You can add result sources that specify external search providers (such as remote search engines or feeds) from which to get search results. This is called federation.
When you use federation, users can search for and retrieve content that has not been crawled by servers in the local farm. For example, federation can provide search results from a web-search provider such as Bing, or perhaps from a private data set that you do not have access to crawl.
Federation can also be a good solution for a geographically distributed organization that wants to provide search access to content at its various locations when each location has its own search index. Because each location provides search results from its own index, it is not necessary to deploy a centralized search service that builds and accesses a single, unified index. In this context, federation can provide advantages such as the following:
Low bandwidth requirements ─ An organization that is geographically dispersed might not have the high network bandwidth that is required to crawl and index large amounts of remote content. When an organization uses federation, the main data that is transmitted for search across the wide-area network is only a set of search results from each federated content repository.

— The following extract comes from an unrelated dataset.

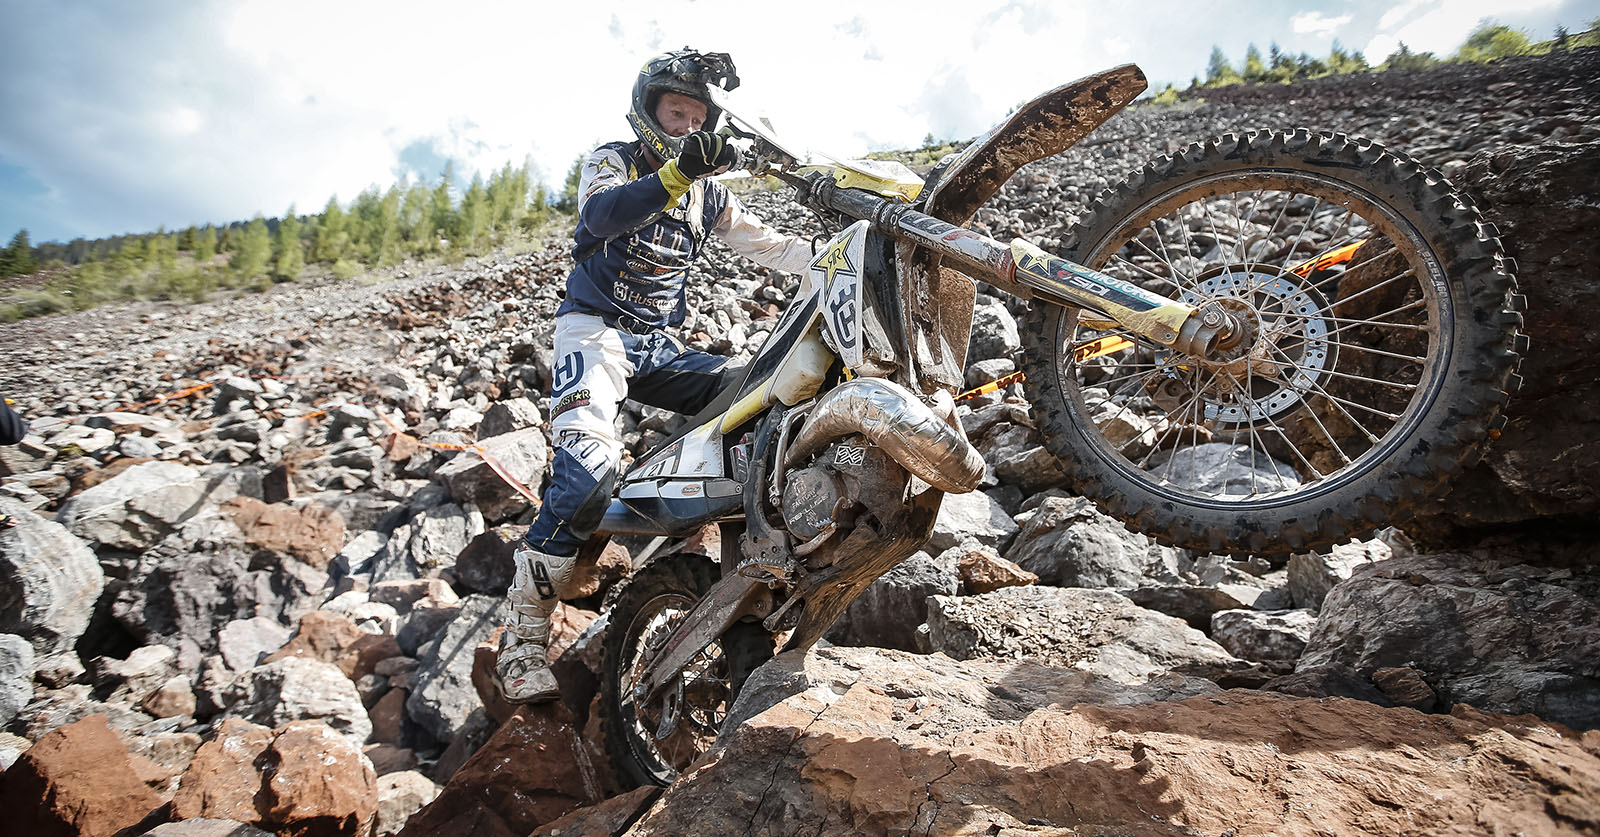 Are the FIM and WESS about to create a Hard Enduro World Championship?

Freshness of search results ─ Each division within an organization can crawl the local content more quickly than a centralized search deployment would be able to crawl all of the content in the entire organization.
Divisional search variability ─ When an organization uses federation, each division within the organization can provide and control its own search environment. Each division can tailor search to its own requirements and preferences, with its own user experience and its own search connectors, for example. A centralized search portal would not allow for such differences.
Limited size of search indexes ─ A large, geographically distributed organization might have millions of documents. It might not be practical for the organization to have a single, unified search index because of the infrastructure that would be required to support such a large index. Federation enables users in each division to perform a single search to find relevant content that is distributed across multiple smaller search indexes in the organization.
Using result sources for federation
To use federation in SharePoint Server, you select one of the following protocols in the Protocol section on the Add/Edit Result Source page:
|You select this protocol||To get federated search results from this kind of provider|
|Remote SharePoint||The index of a search service in another SharePoint Server farm|
|OpenSearch 1.0/1.1||An external search engine or feed that uses the OpenSearch protocol, such as Bing|
|Exchange||Exchange Server 2013|
On the Add/Edit Result Source page, when you select one of the protocols shown in the preceding table, you must also fill in other related fields on the page to fully specify the result source.